China's three flag carriers stop flying Boeing’s 737 MAX 8
More than a dozen Chinese carriers operate the model, with 246 domestic routes and 355 domestic flights scheduled on Monday.
Civil aviation regulators of China, Ethiopia and at least two other jurisdictions have ordered carriers to temporarily stop flying the 737 MAX 8 aircraft, as the crash in Addis Ababa was the second fatal accident in five months involving the latest version of what Boeing calls “the most popular jet aircraft of all time.”
The Civil Aviation Administration of China (CAAC), whose airlines are collectively the world’s biggest customers of the 737 MAX 8, ordered all commercial operations involving the single-aisle jet to halt by 6PM Monday.
China, on track to surpass the United States as the largest air travel market by 2022, may need to buy 7,240 new aircraft by 2037 valued at USD1.1 trillion, making Chinese carriers the largest collective customers for Boeing.
The grounding of the 737 MAX 8 affects more than a dozen Chinese carriers, which have already taken delivery of close to 100 of the model.
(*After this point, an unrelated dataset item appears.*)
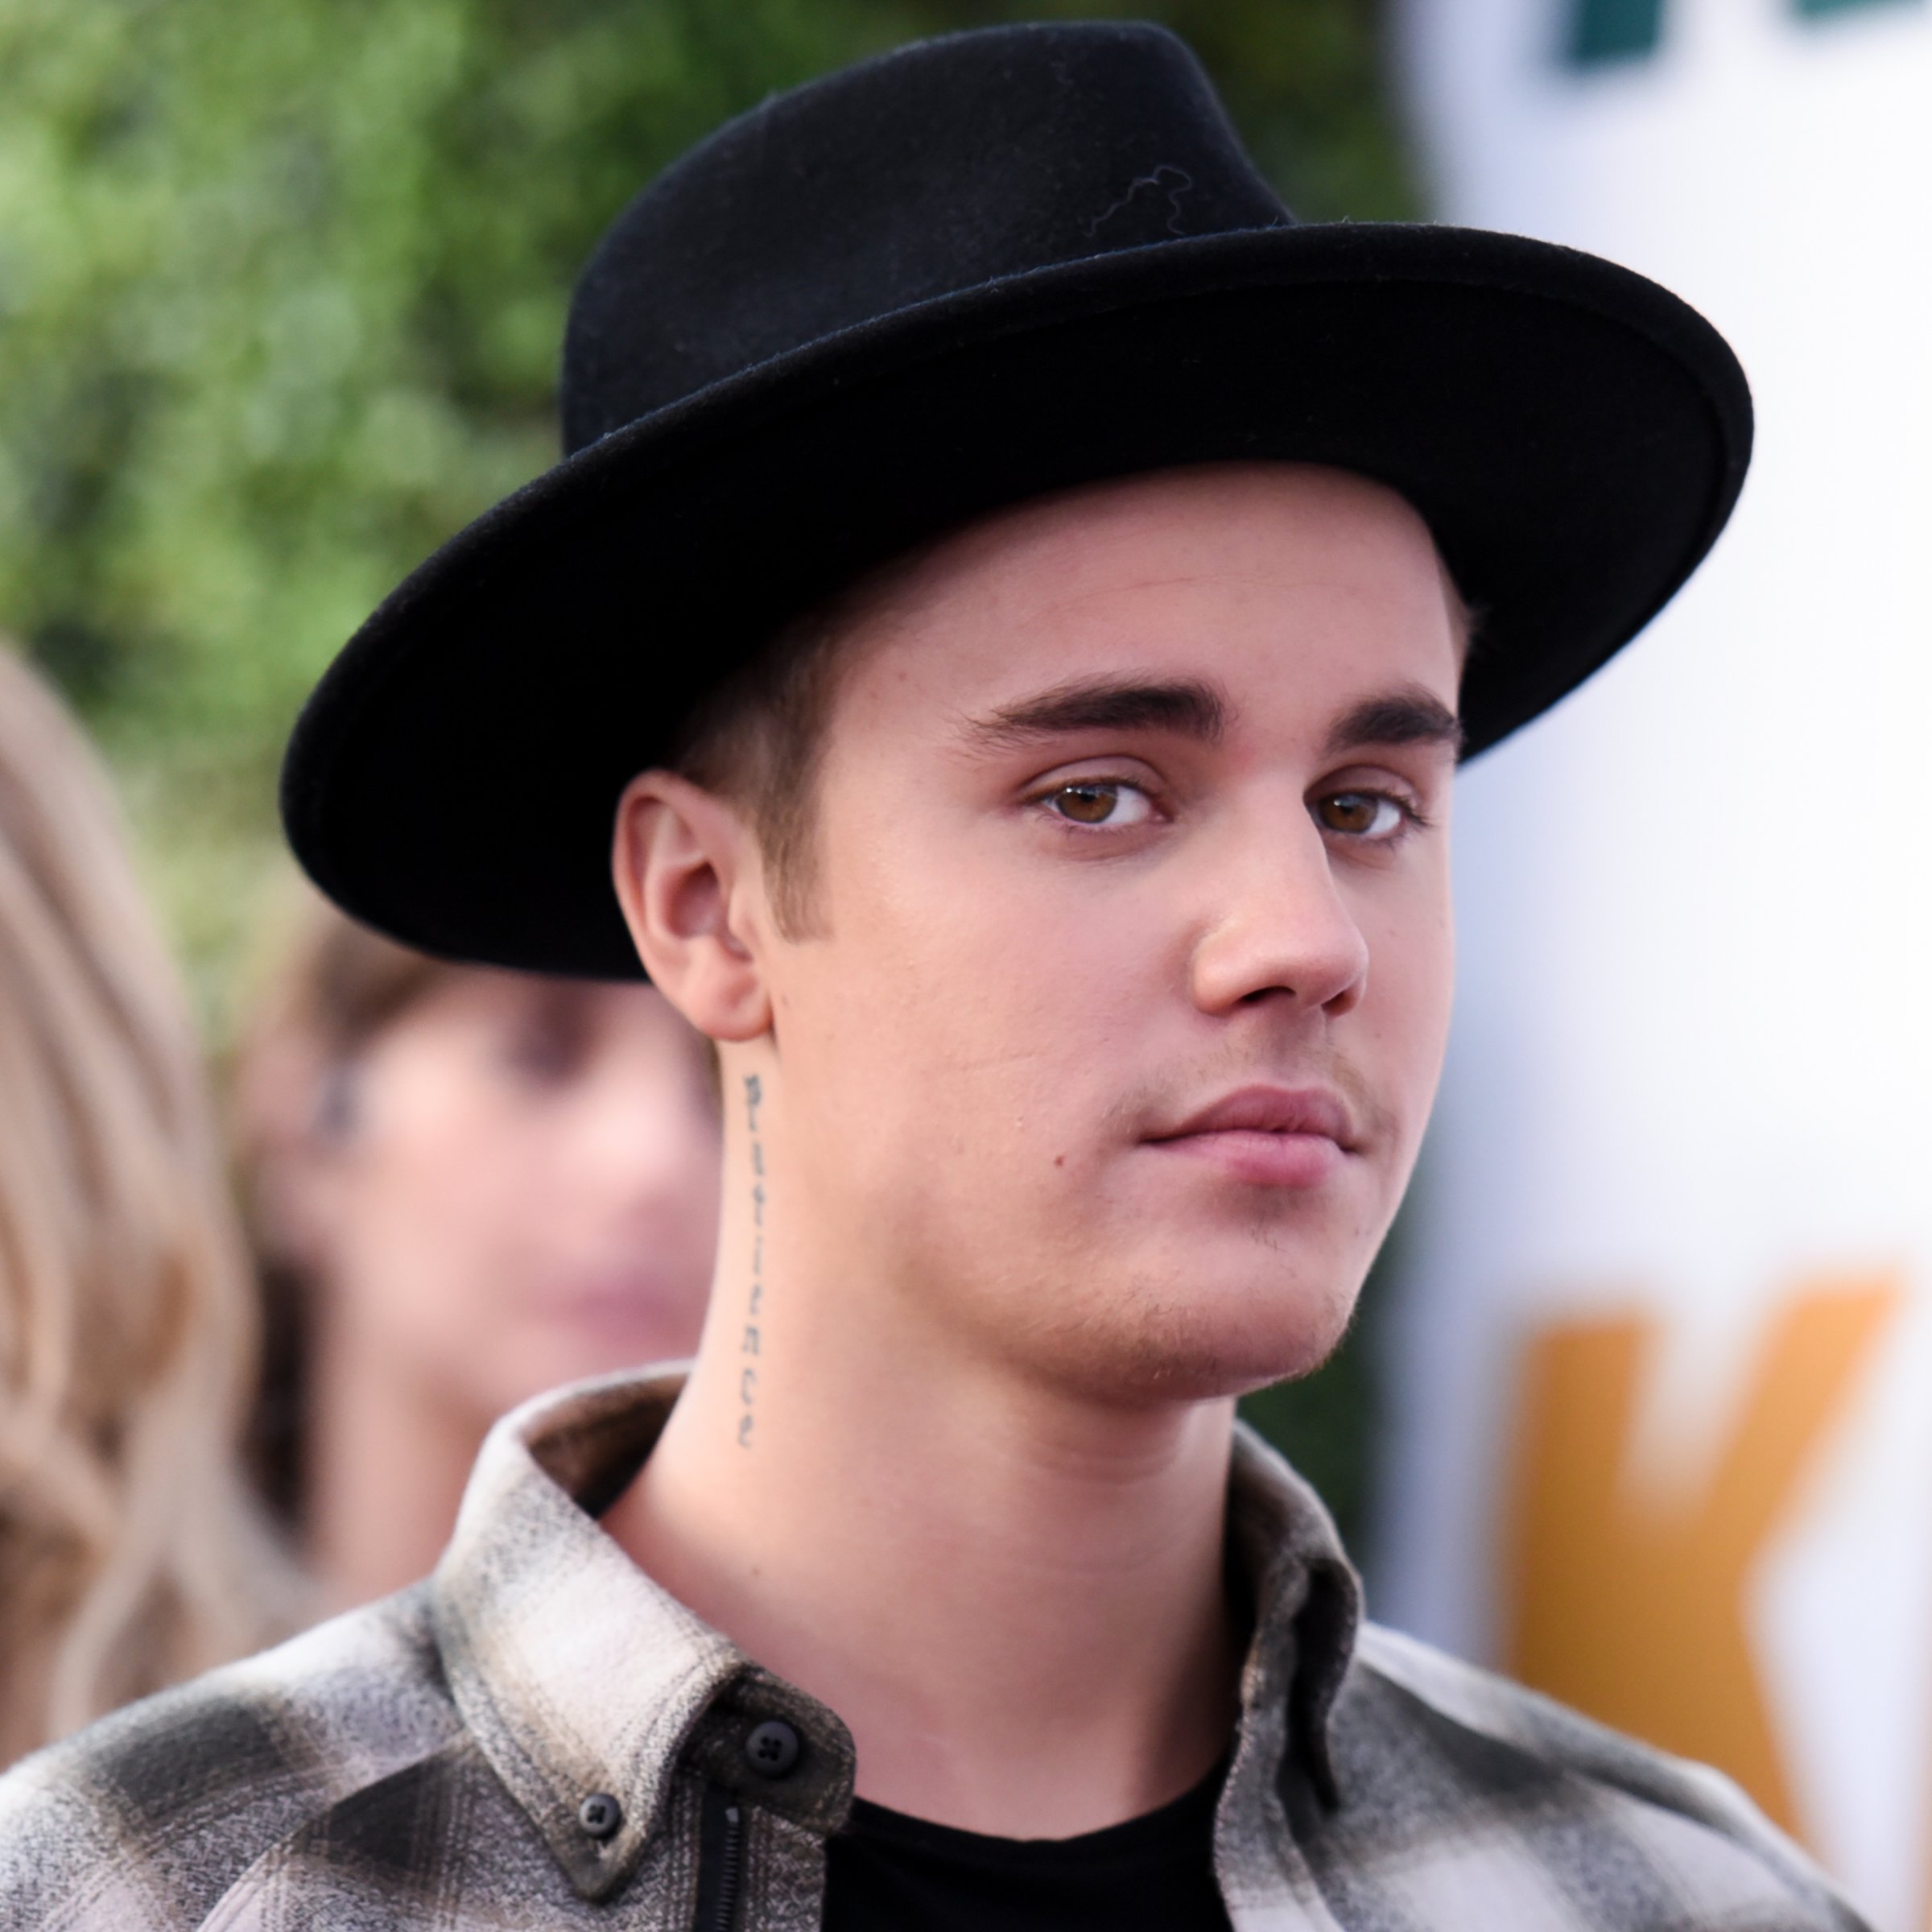 Justin Bieber arrives at Wango Tango 2015 held at StubHub Center on May 9, 2015, in Carson, Calif.
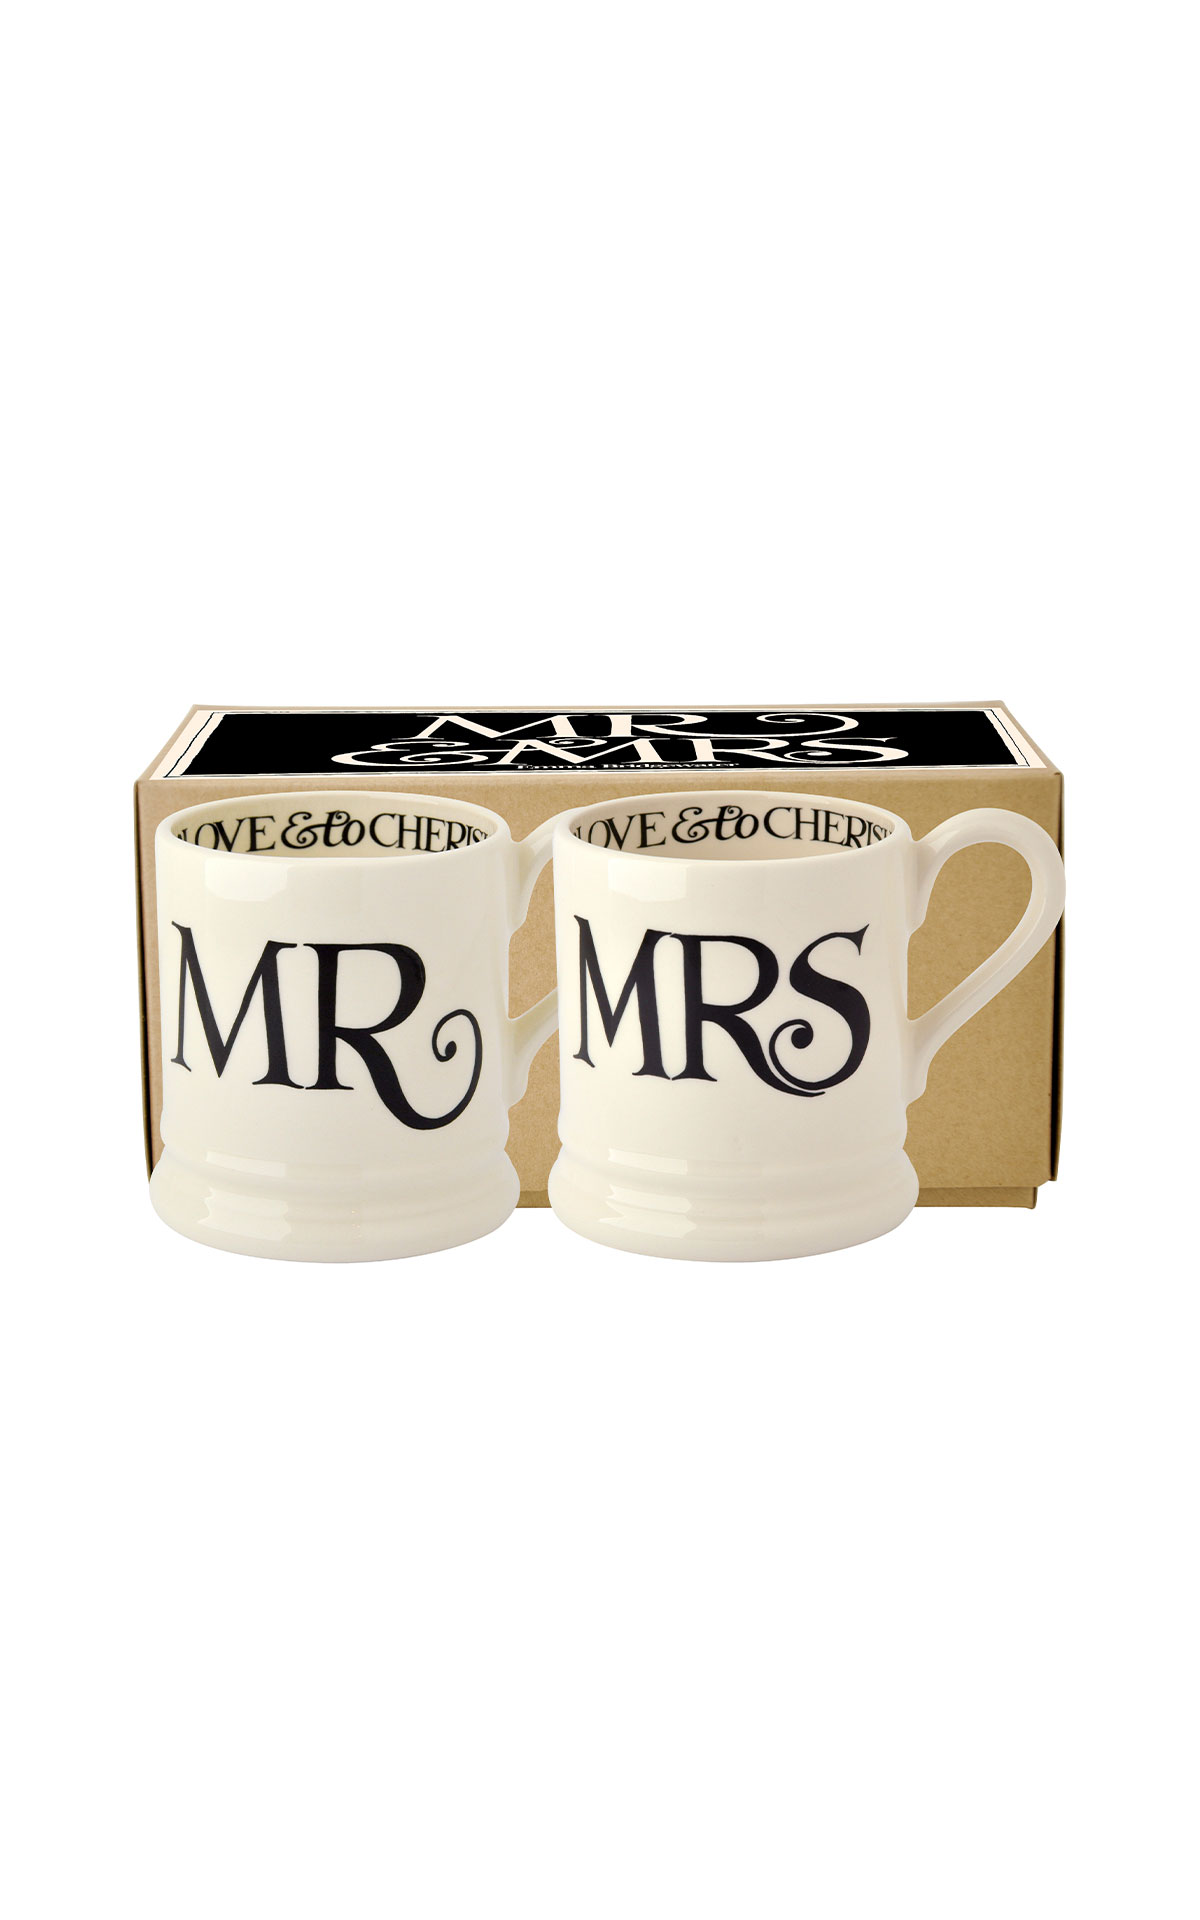 Emma Bridgewater Black toast Mr & Mrs set of two half pint mugs from Bicester Village

As many as 246 Chinese domestic routes and 355 domestic flights were scheduled on Monday for the jet model, excluding international services, according to Chinese flight data provider VariFlight. As many as 29 flights have already been cancelled, while 259 fights were replaced by other aircraft.
China Southern Airlines, Air China, China Eastern Airlines, Hainan Airlines are among carriers that fly the aircraft, which can carry between 138 to 230 passengers depending on their configurations. The aircraft is listed at USD121.6 million before the discounts that are typical of bulk orders.